1.4. Drying the “Blanket of Wood Fibres/Organogel” Composite System

[0080] The composite obtained is dried according to the supercritical CO.sub.2 drying process described in application WO2010/133798.

[0081] Said process is implemented in an autoclave (8 cm high, 100 ml volume) composed of a hollow, double-walled cylinder and two detachable ends composed of sintered metal allowing the passage of fluids.

[0082] The “blanket of wood fibres/organogel” composite is placed in an autoclave having a bed of beads covered with 3.5 g of 3-pentanol and maintained at 15° C. After closing the autoclave, the CO.sub.2 previously cooled to 4° C. is introduced into the reactor under a pressure of 50 bar (5×10.sup.6Pa). The pressure is then raised to 90 bar (9×10.sup.6Pa) by injecting CO.sub.2 using a diaphragm pump. The pressure of the first separator is set to 50 bar (5×10.sup.6Pa) and that of the second separator to 20 bar (2×10.sup.6Pa). The CO.sub.2 flow rate is set to 400 g/h. The temperature of the separation elements is maintained at 20° C. during the entire drying process.
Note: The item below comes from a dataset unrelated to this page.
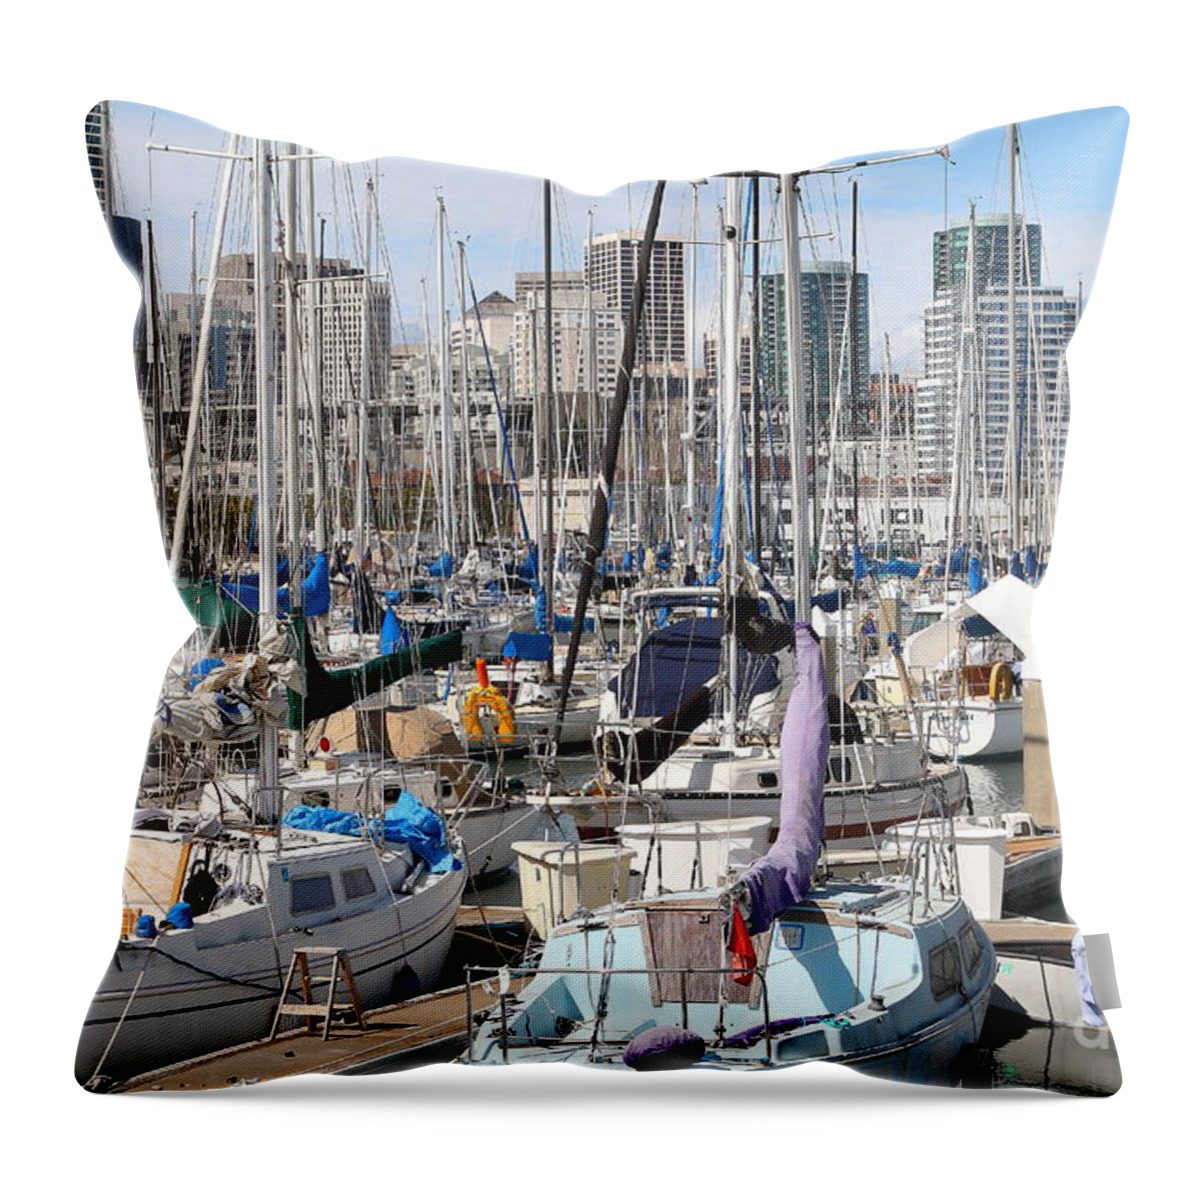 San Francisco Throw Pillow featuring the photograph Sail Boats at San Francisco China Basin Pier 42 With The San Francisco Skyline . 7D7675 by Wingsdomain Art and Photography

[0083] The temperature of the autoclave is then raised to 45° C. so as to cause the CO.sub.2/3-pentanol system to pass to supercritical phase. After 20 minutes, the outlet valves of the autoclave and of the last separator are opened.

[0084] The continuous extraction of the 3-pentanol for 4h with a CO.sub.2 flow rate of 400 g/h makes it possible to obtain the expected “blanket of wood fibres/aerogel” composite.

2. Characteristics of the “Blanket of Wood Fibres/Aerogel” Product

[0085] The final “blanket of wood fibres/aerogel” product obtained has a density of 143 Kg/m.sup.3.

[0086] The thermal conductivity of the final product is measured by the centred hot plate method (Y. Jannot, V. Felix, A. Degiovanni, Measurement Science and Technology 2010, 21, No. 35106).

[0087] The thermal conductivity of said final product measured at ambient temperature of approximately 25° C. is 0.025 W/m/K.